DrahtBot removed the label Needs rebase on Jul 4, 2025

l0rinc force-pushed on Jul 4, 2025

in src/test/streams_tests.cpp:23 in 79901734fa outdated

18 BOOST_FIXTURE_TEST_SUITE(streams_tests, BasicTestingSetup)
19 
20+// Test that obfuscation can be properly reverted even with random chunk sizes.
21+BOOST_AUTO_TEST_CASE(xor_roundtrip_random_chunks)
22+{
23+    auto apply_random_xor_chunks{[&](std::span<std::byte> target, const std::span<std::byte, sizeof(uint64_t)> obfuscation) {

maflcko commented at 1:07 pm on July 4, 2025:

nit in 79901734fa357c2449608f8648ab84daf1cccd8b: A span is just a pointer, so adding const before std::span doesn’t really say much. In fact, it could be confusing, because const std::span<std::byte> actually points to mutable data. I’d just remove the const here.

If you really want to add it, it should probably go before std::byte?

l0rinc commented at 5:41 pm on July 4, 2025:

adding const before std::span doesn’t really say much

This is an intermediary commit, meant to lay the groundwork for more risky changes later. It may not make a lot of sense on its own, even though it does prohibits argument reassignments such as:

0auto apply_random_xor_chunks{[&](std::span<std::byte> target, const std::span<std::byte, sizeof(uint64_t)> obfuscation) {
1    std::array<std::byte, sizeof(uint64_t)> key_bytes{};
2    obfuscation = std::span<std::byte, sizeof(uint64_t)>{key_bytes.begin(), key_bytes.end()};

It also separates the mutable target parameter from the immutable key that operates on it. It’s not perfect, but it’s improved in a follow-up commit, where we’re getting const Obfuscation& obfuscation parameter instead where const makes more sense. It was meant to do the change in smaller steps - but it looks like that’s not welcome, so I’ll revert it for now.

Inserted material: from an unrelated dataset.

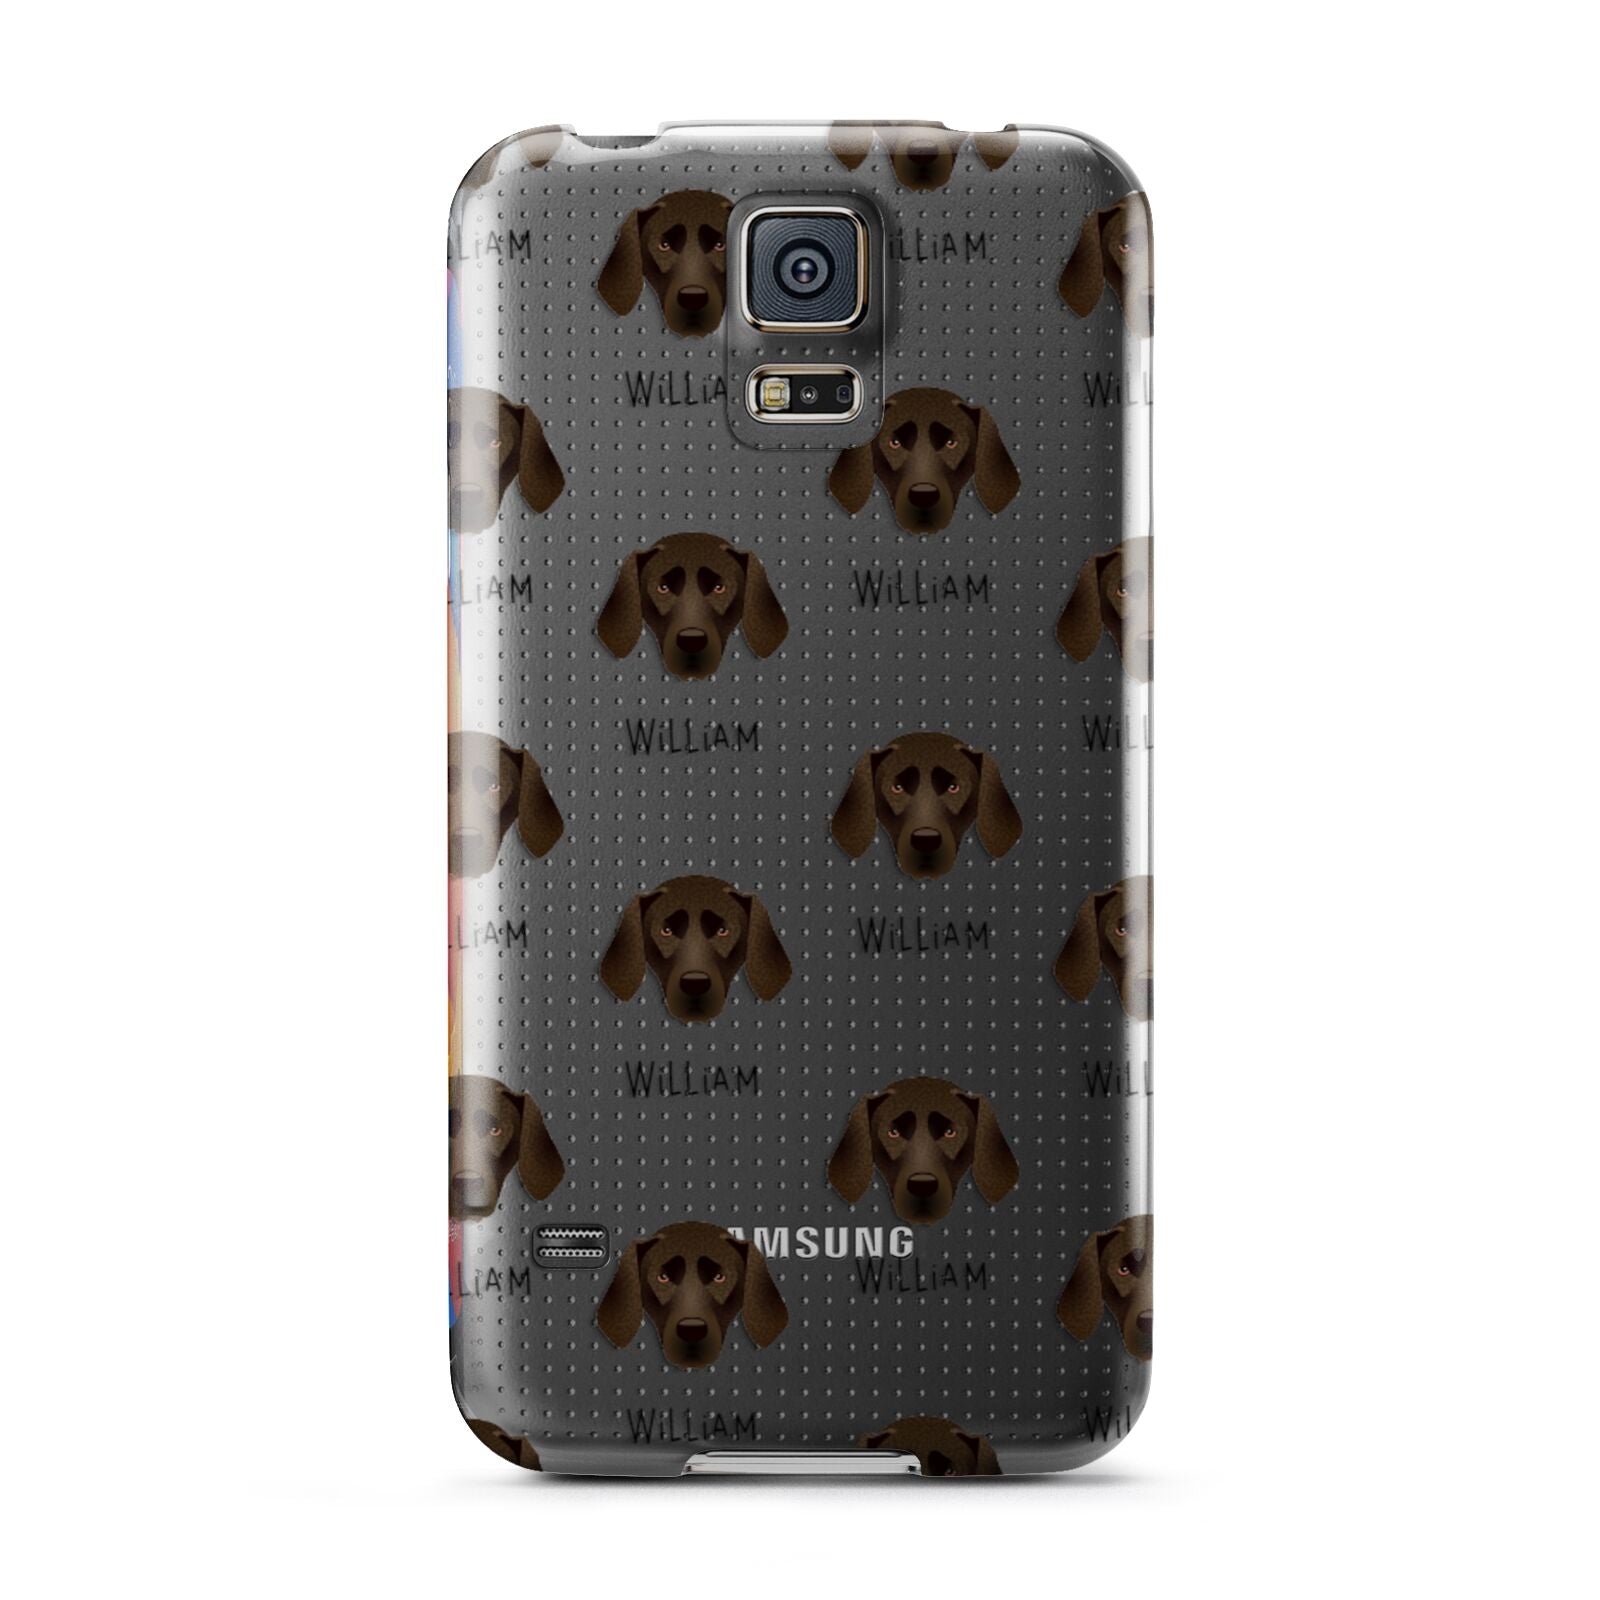 Plott Hound Icon with Name Samsung Galaxy S5 Case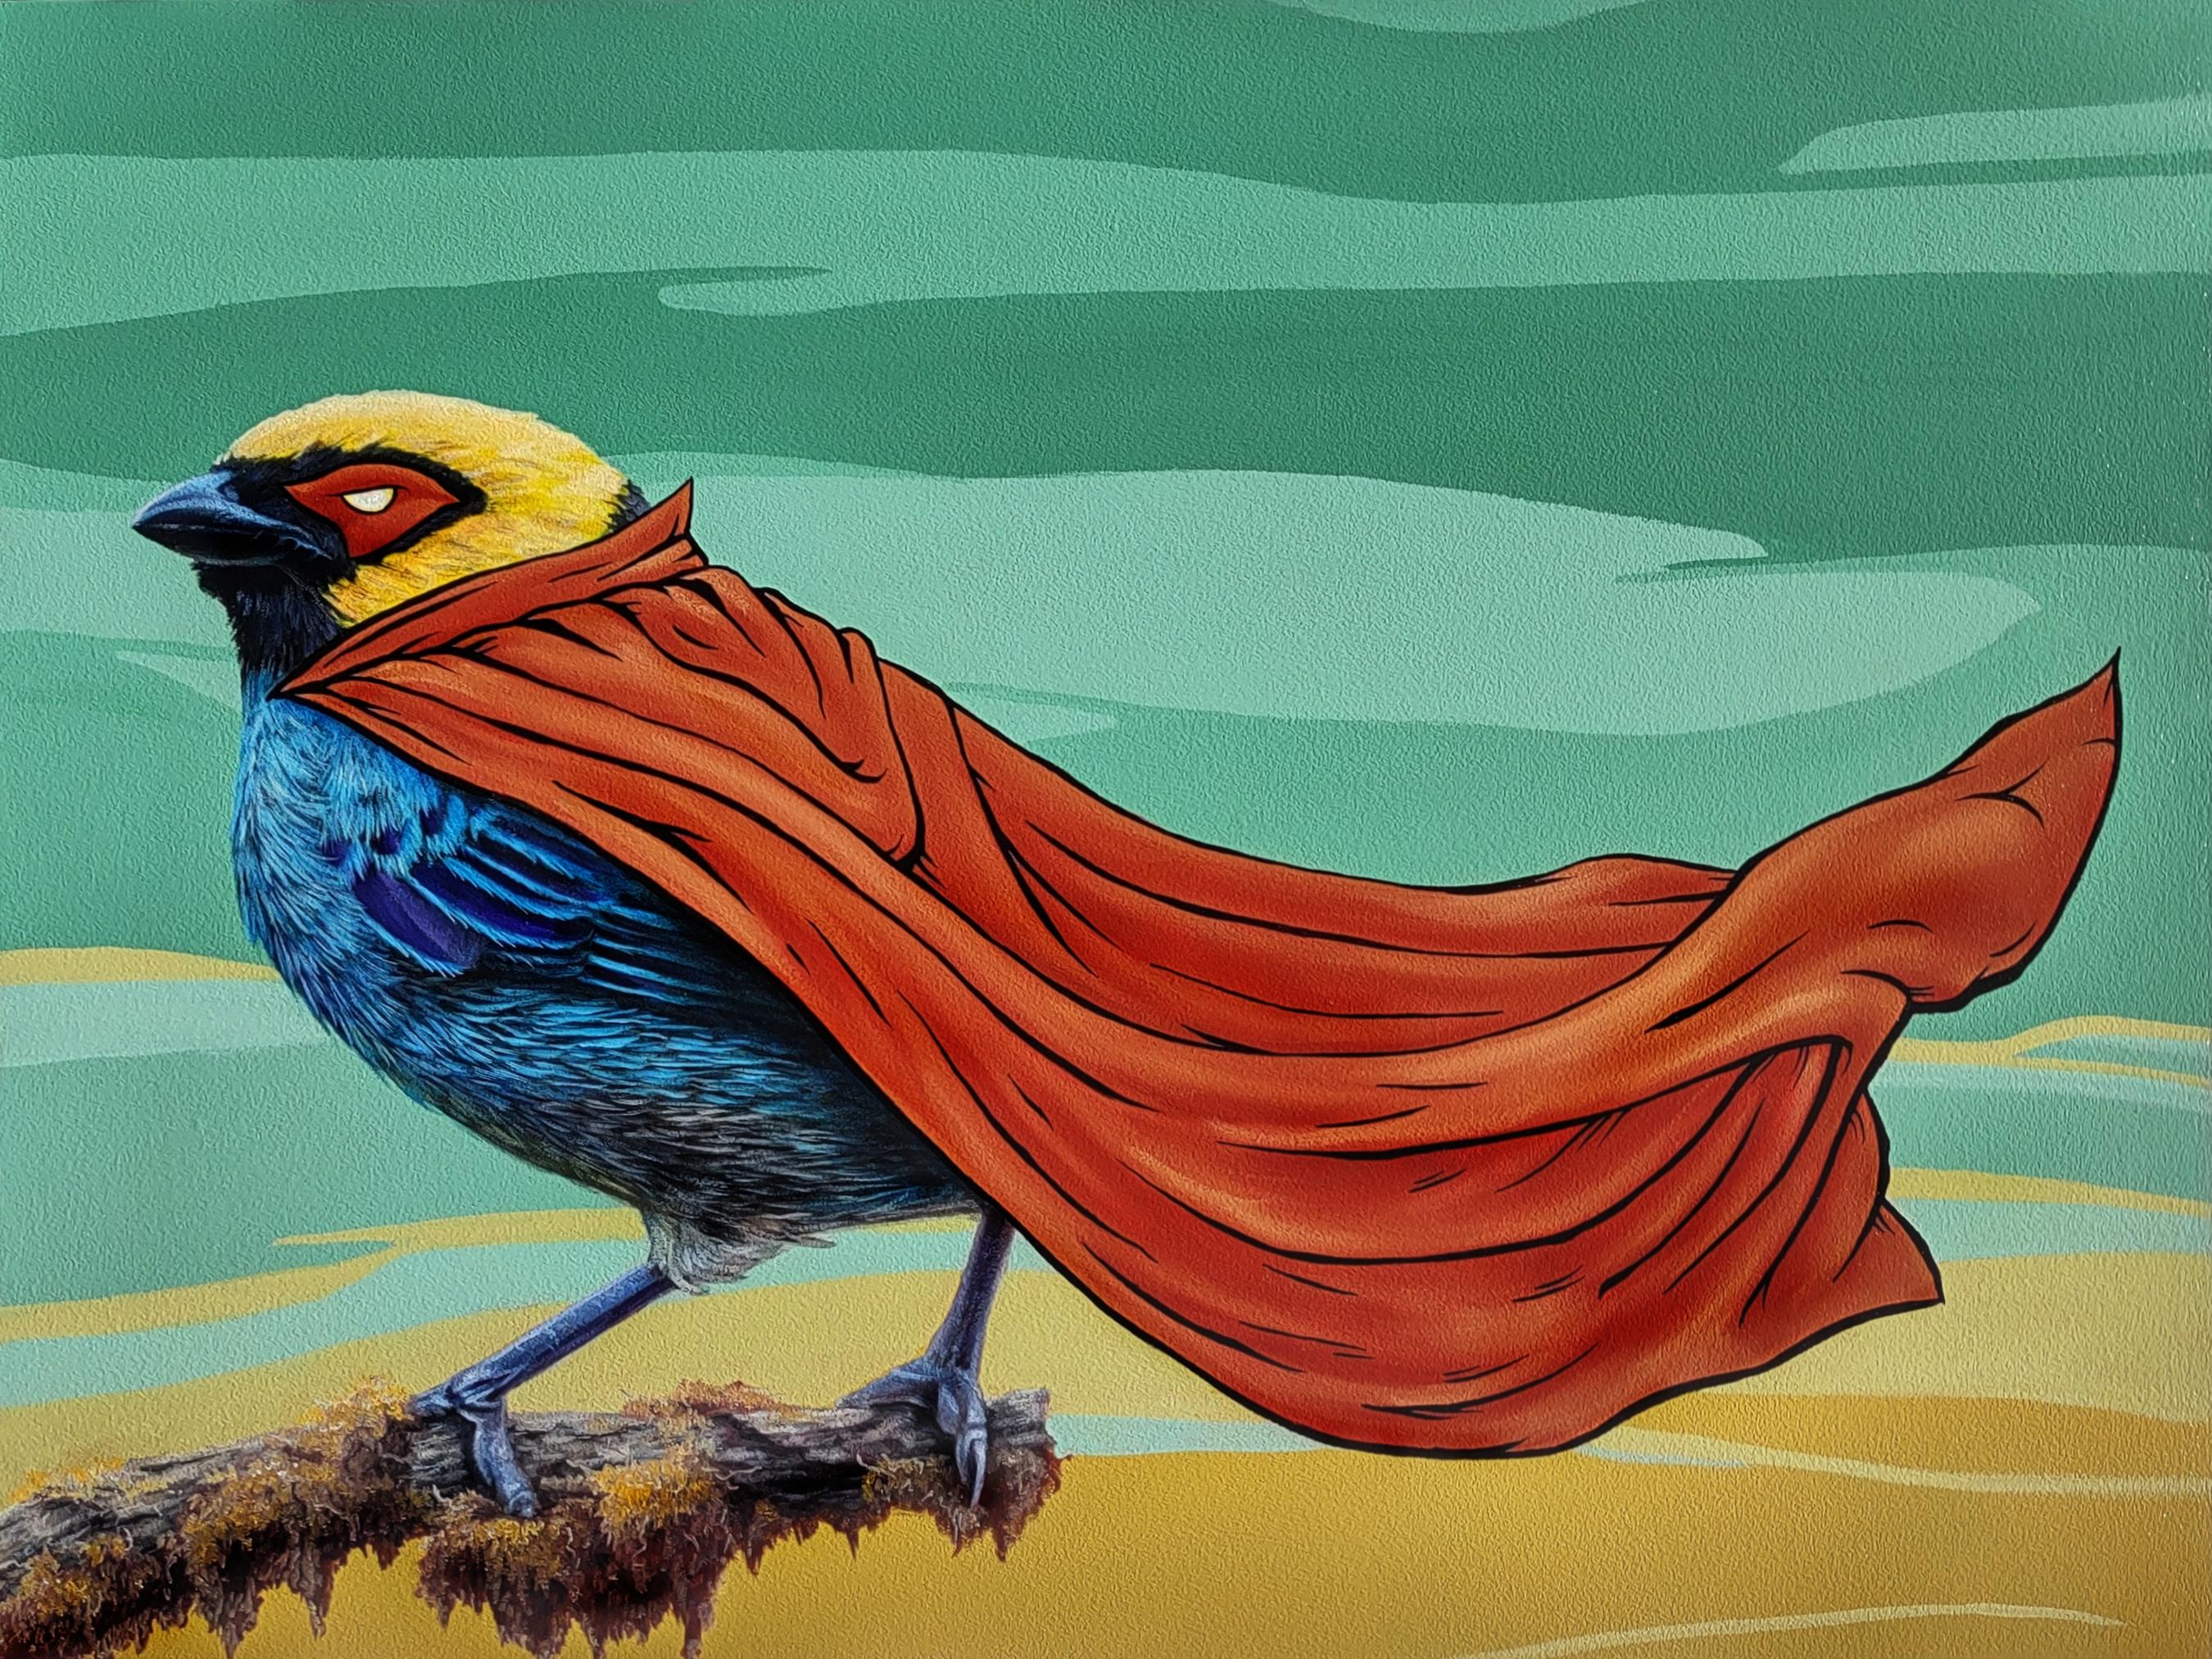 Animal Painting 3rd Version (Ben Patterson) - « Masks We Wear, For Anonymity », peinture à l'huile d'oiseau avec cape rouge

in src/test/streams_tests.cpp:43 in 79901734fa outdated

38+        apply_random_xor_chunks(roundtrip, key_bytes);
39+
40+        // Verify intermediate state differs from original unless the key is all zeros
41+        const bool all_zeros{std::ranges::all_of(
42+            std::span{key_bytes}.first(std::min(write_size, key_bytes.size())), [](auto b) { return b == std::byte{0}; })};
43+        BOOST_CHECK_EQUAL(original != roundtrip, !all_zeros);

maflcko commented at 1:17 pm on July 4, 2025:

nit in https://github.com/bitcoin/bitcoin/commit/79901734fa357c2449608f8648ab84daf1cccd8b: Generally, I try to avoid double inversions. Could probably write this without any !:

0        BOOST_CHECK_EQUAL(original == roundtrip, all_zeros);

l0rinc commented at 4:01 pm on July 4, 2025:

I can’t say that I don’t disagree with none of that!

I tried to encode the meaning into a check (i.e. that the obfuscated value should differ from the original, unless obfuscation is turned off), but it got indeed quite weird, thanks :)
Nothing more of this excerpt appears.